The American family will need to don its helmet and shield and stand its ground as a new year kicks off.
Worries about terrorism on U.S. soil are taking center stage in American life, with concerns about the economy lurking right behind them. Moms and dads are struggling to keep homes afloat — homes filled with young kids, millennials and, increasingly, elderly parents.
Parents must also act as watchdogs against an increasingly crass culture that provides fewer supports for a healthy childhood, but instead stresses those who seeks to live out traditional values among a more secular and celebrity-crazed culture.
Sixteen years into this new century, the American family will be most impacted by three distinct factors: the fear of terrorism, the impact of the economy, and the quickly morphing family structure itself.
‘Good Reason to Be Fearful’
Since the San Bernardino, California, and Paris attacks, Americans name terrorism as the top issue facing the United States, trumping even the economy. In November, just 3 percent of Americans reported terrorism as the greatest problem facing this country. But in December, terrorism had jumped up to No. 1 for 16 percent of Americans, according to Gallup polling last month.
“There is good reason to be fearful, especially with strikes happening here on U.S. soil,” Michael Kugelman, senior associate for South and Southeast Asia at the Woodrow Wilson International Center for Scholars, told LifeZette.
Seventy-one percent of respondents said the shootings and random acts of violence of 2015 are now a permanent part of American life, according to a December NBC/Wall Street Journal poll.
“It is really very important to remember we are very fortunate to be here in the U.S., where these attacks happen relatively infrequently compared to other areas of the world, as frightening as they are,” said Kugelman. “When you consider places like Iraq, Syria, Pakistan — we are so much safer than these regions. We have a much greater chance of being hit by a car than we do of being the victim of a terror attack.”
Statistics, though, are often superseded by fear in the collective American consciousness.
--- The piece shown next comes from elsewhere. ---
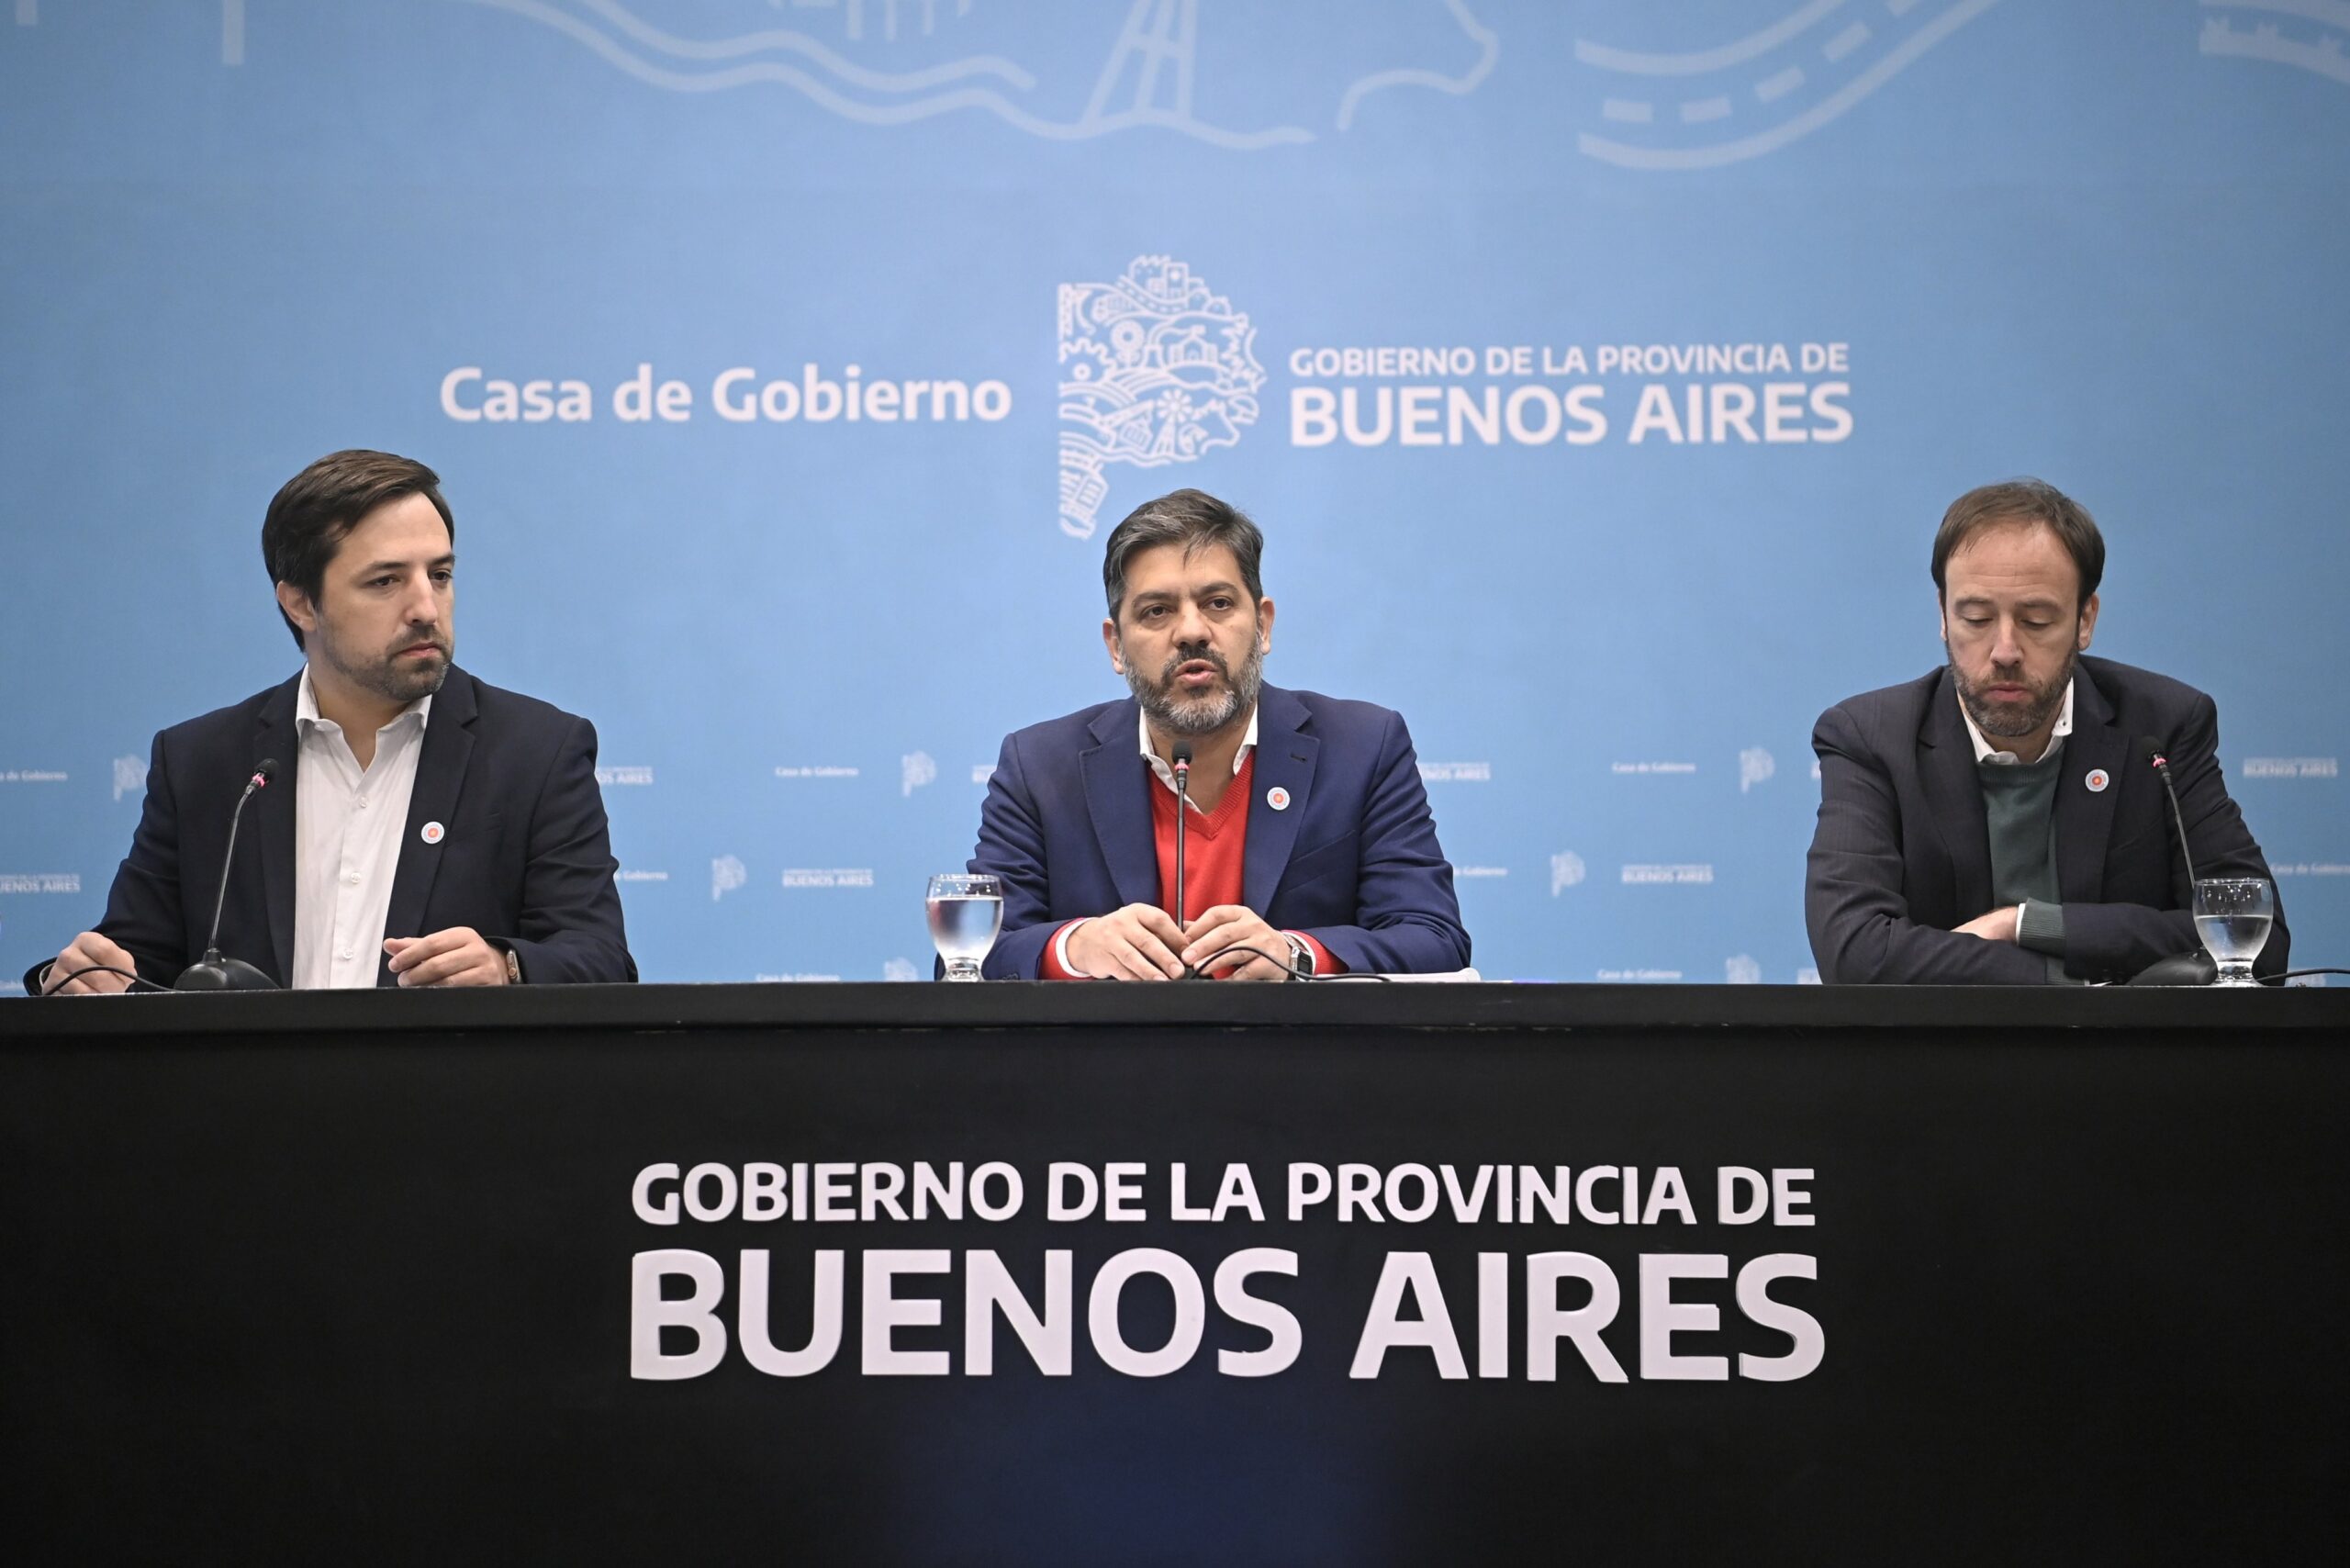 Bianco, Kreplak y López brindaron una conferencia con anuncios de gobierno

“For most of 2015, the country’s mood, and thus the presidential election, was defined by anger and the unevenness of the economic recovery,” Democratic pollster Fred Yang told NBC’s “Meet the Press.” “Now that has abruptly changed to fear.”
“We tend to forget, with the current emphasis on ISIS, but al Qaeda, particularly al Qaeda in the Arab Peninsula, is probably an even more dangerous group,” said Kugelman.
Fear of the unknown — which act of terrorism will happen next, and where — will influence our choices in a variety of ways, from electing new leaders to making purchasing decisions in the marketplace.
Two: The Economy
Promises Have Gone Unfulfilled
The Obama administration may declare an economic recovery, but how much better are families really feeling about their wallets and their prospects in the new year?
In 2015, seven years after the recession of 2008, 45 percent of Americans surveyed think the U.S. economy is “only fair” and less than a third think of the economy as “good,” or “excellent,” according to a December Pew Research poll.
Additionally, a disturbing 68 percent of Americans earning $30,000 or less felt their prospects were dim. They told Pew Research their family’s income is falling behind the cost of living.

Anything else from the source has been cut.